A 55-year-old man presented with locally advanced anaplastic thyroid carcinoma that was observed to have mediastinal infiltration. Tracheal stenosis due to infiltration of the trachea occurred, and the condition of the patient rapidly deteriorated. Radiation and chemotherapy consisting of cetuximab, cisplatin, and fluorouracil were ineffective, but his tracheal stenosis was relieved 2 weeks after initiation of lenvatinib, after which the patient could be discharged. However, the lenvatinib was ineffective for his liver, bone, and brain metastatic lesions, and the patient remained in a critical condition.
We encountered a case in which lenvatinib was effective for locally advanced anaplastic thyroid carcinoma, leading to an improvement in quality of life and a prolonged life. The drug was effective for the primary lesion, but mixed efficacy was noted for distant metastatic lesions.
Anaplastic thyroid carcinoma is one of the carcinomas with the poorest prognosis. The frequency of its occurrence is low but it is highly malignant, and local expansion and distant metastasis progress rapidly; to date, no effective treatment has been established [1, 2]. Multimodal therapy has been performed, but there are no known effective anticancer drugs [3, 4, 5, 6, 7, 8].

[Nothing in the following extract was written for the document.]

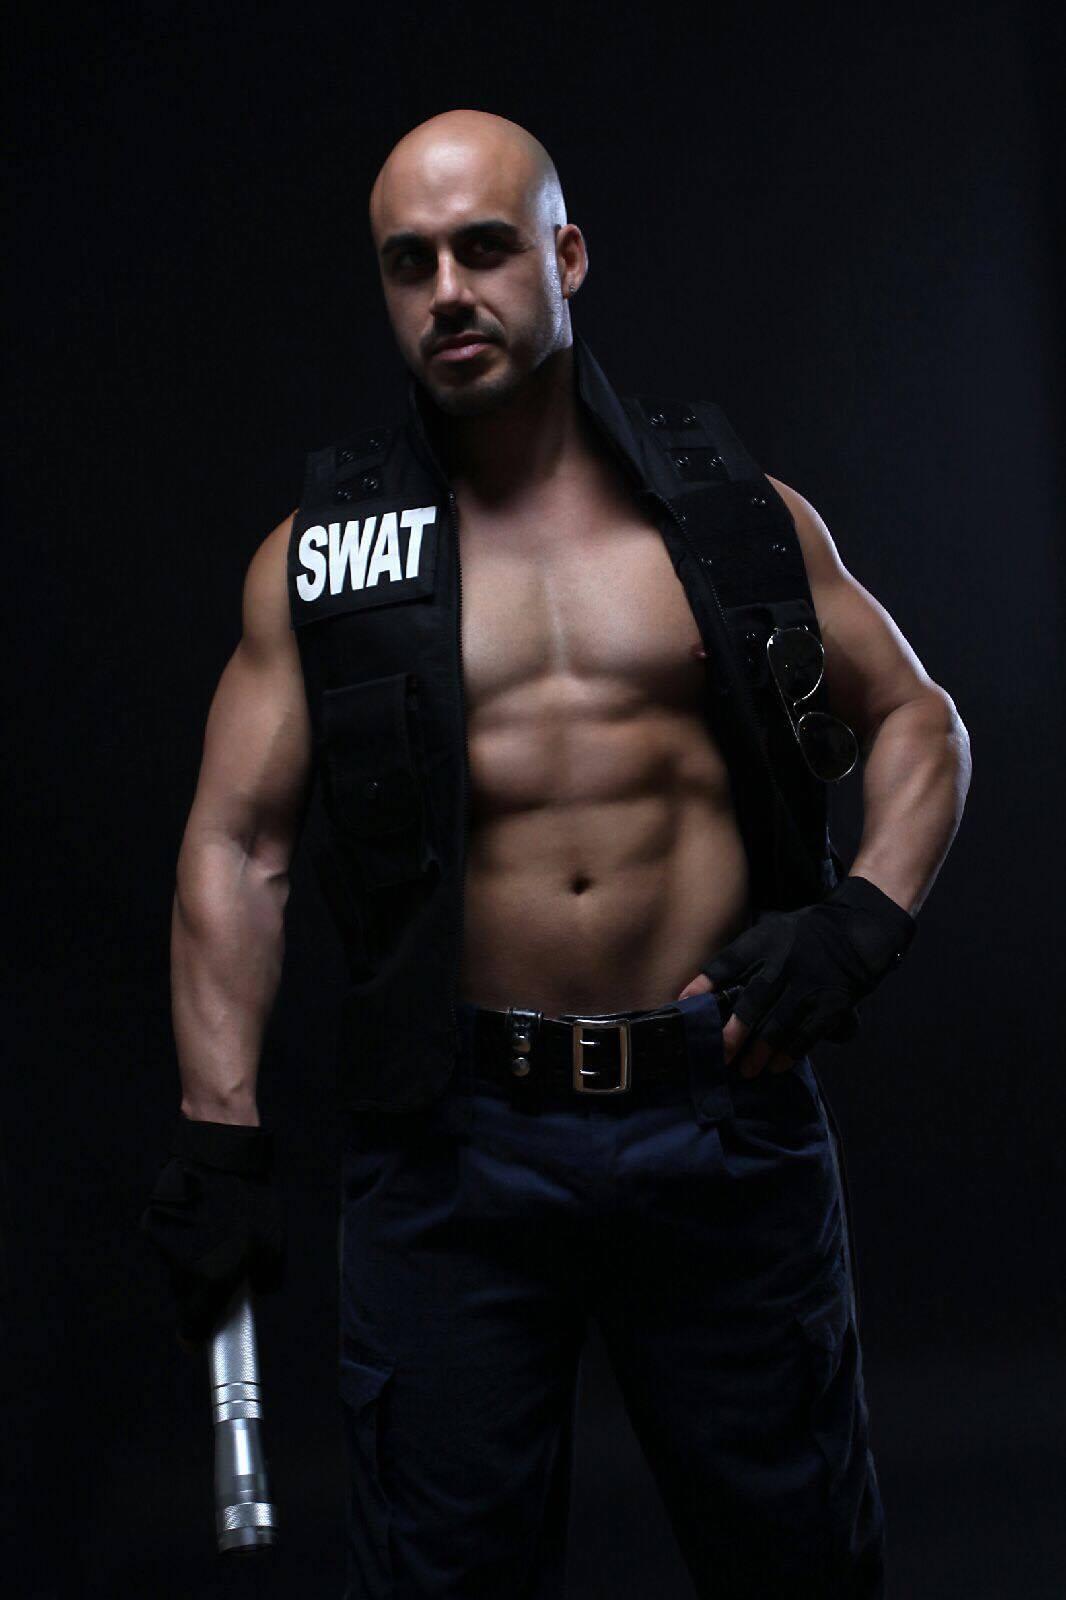 Robert stripper in Sydney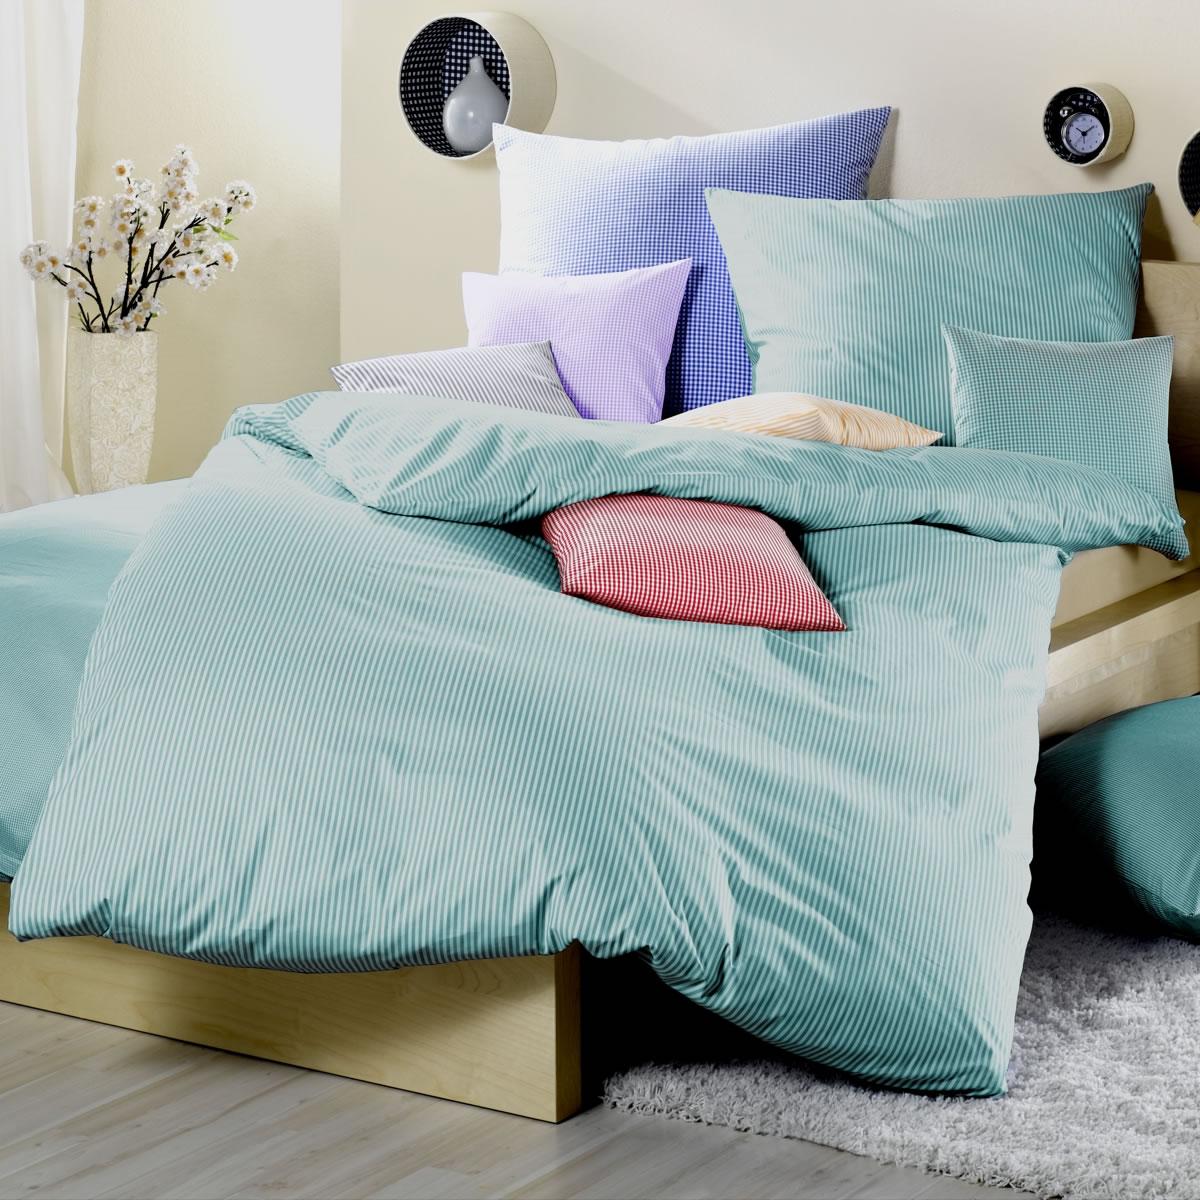 lorena maco batist bettw sche kissenbez ge basel in 026 gr n. Black Bedroom Furniture Sets. Home Design Ideas

In recent years, many molecular targeted therapies have been developed, and therapies targeting the thyroid are no exception [9, 10]. In Japan, the tyrosine kinase inhibitor lenvatinib was approved in March 2015 for the treatment of all types of thyroid cancer, including anaplastic carcinoma. Because there is little clinical experience in using lenvatinib for anaplastic carcinoma, its efficacy is unknown.
We administered lenvatinib to a patient who rapidly developed tracheal stenosis due to tracheal infiltration of advanced anaplastic thyroid carcinoma, and remarkable efficacy was observed. Here, we report the clinical course of a patient in whom tracheal stenosis was relieved and who could be discharged following lenvatinib administration.
A 55-year-old man presented with the chief complaint of dysphagia. A suspected right level IV lymph node metastasis and a neoplastic lesion located in the inferior pole of the thyroid to the mediastinum were observed. Because the boundary between the inferior pole of the thyroid gland and the tumor was unclear, and a calcified lesion was observed in the tumor, thyroid cancer was suspected.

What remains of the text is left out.